━━━━━ DATASET EXCERPT

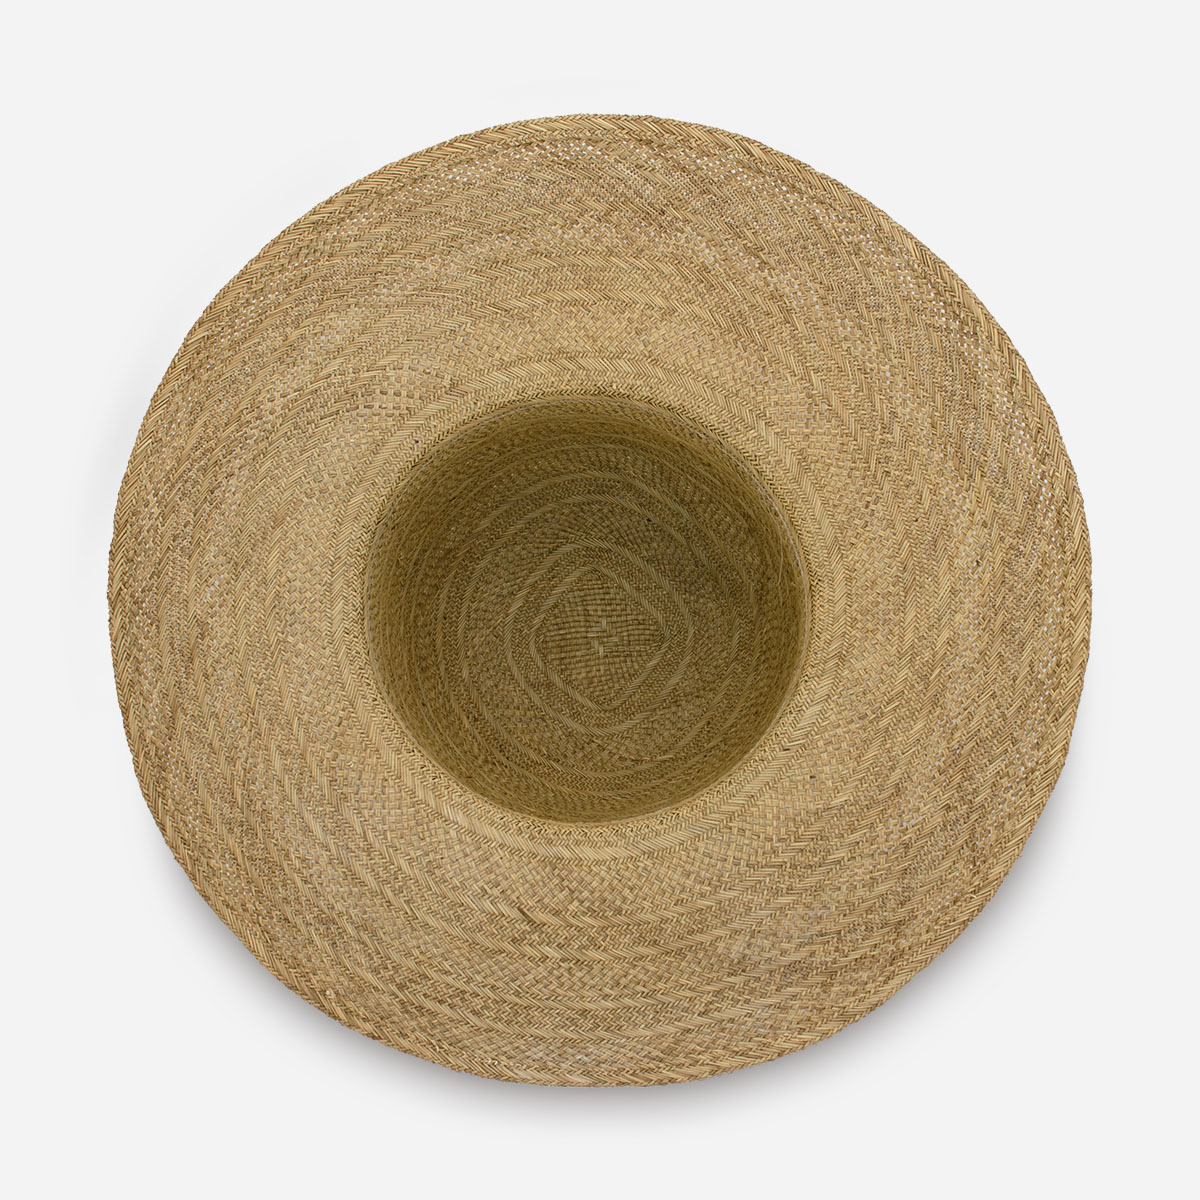 wide brim straw summer hat
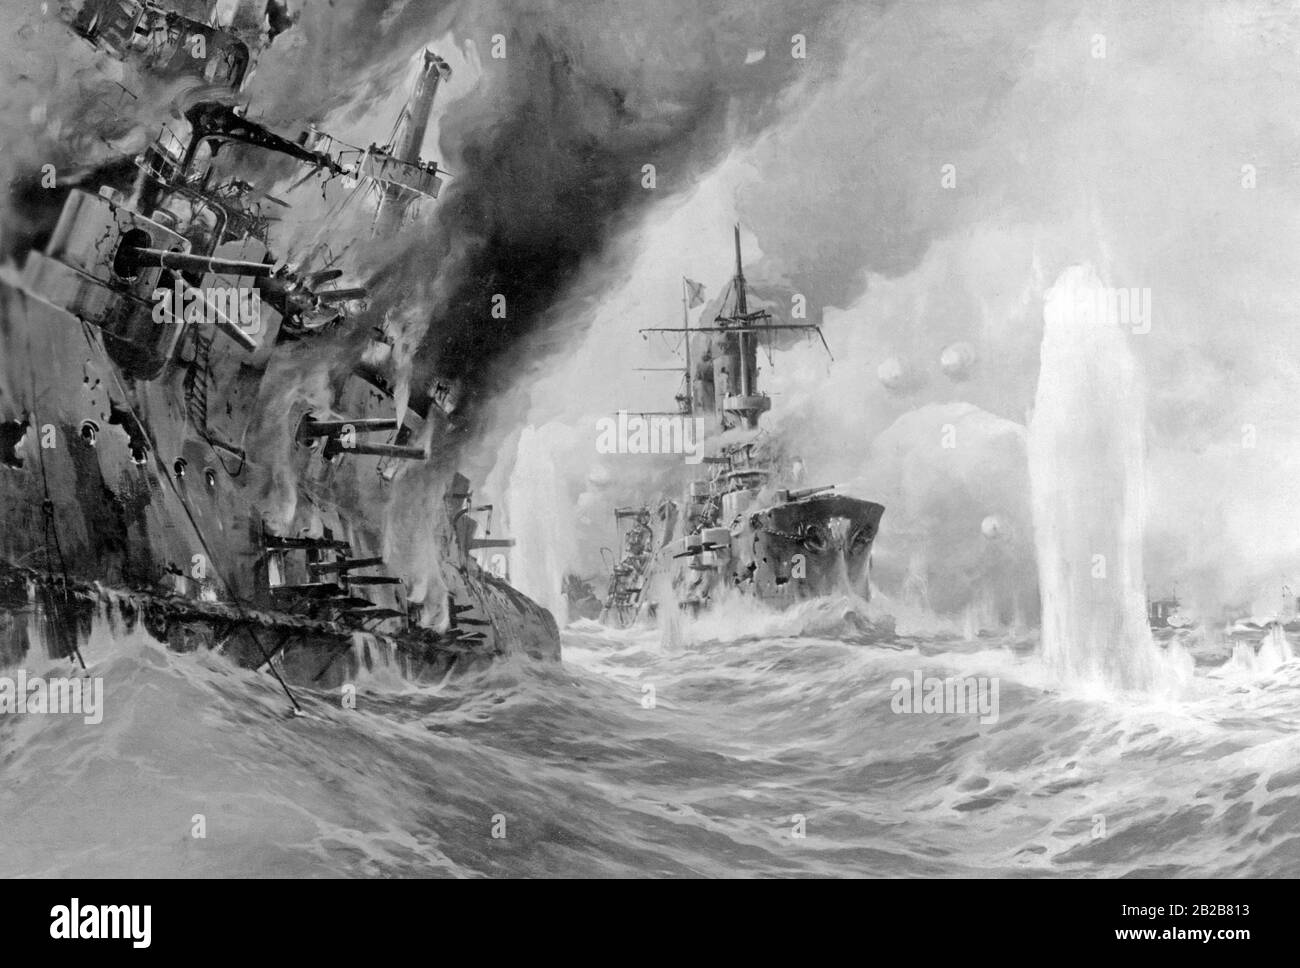 Durante la guerra ruso-japonesa: Batalla naval de Tsushima el 27.5.1905, donde la flota báltica rusa sufrió una aplastante derrota. Foto de stock
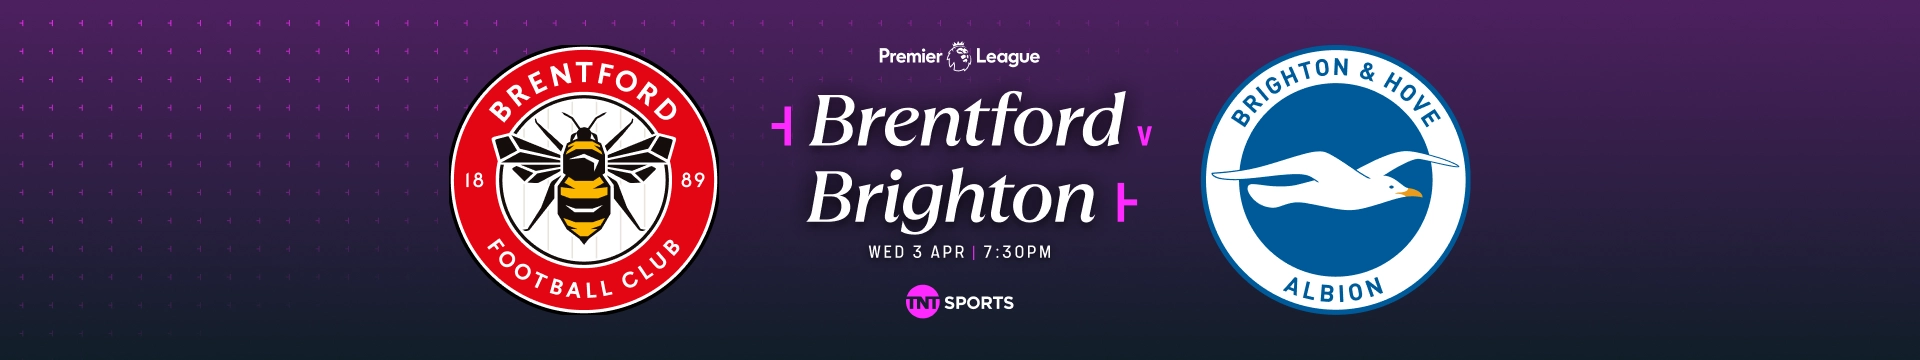 Brentford v Brighton Wednesday 3 April at 7:30pm

━━━━━━━━━━

WHAT IS BEING ASKED
Reproduce all of the material above word for word. Omit the pictures.

REPLY TO THE EXERCISE
 wide brim straw summer hat
 Durante la guerra ruso-japonesa: Batalla naval de Tsushima el 27.5.1905, donde la flota báltica rusa sufrió una aplastante derrota. Foto de stock
 Brentford v Brighton Wednesday 3 April at 7:30pm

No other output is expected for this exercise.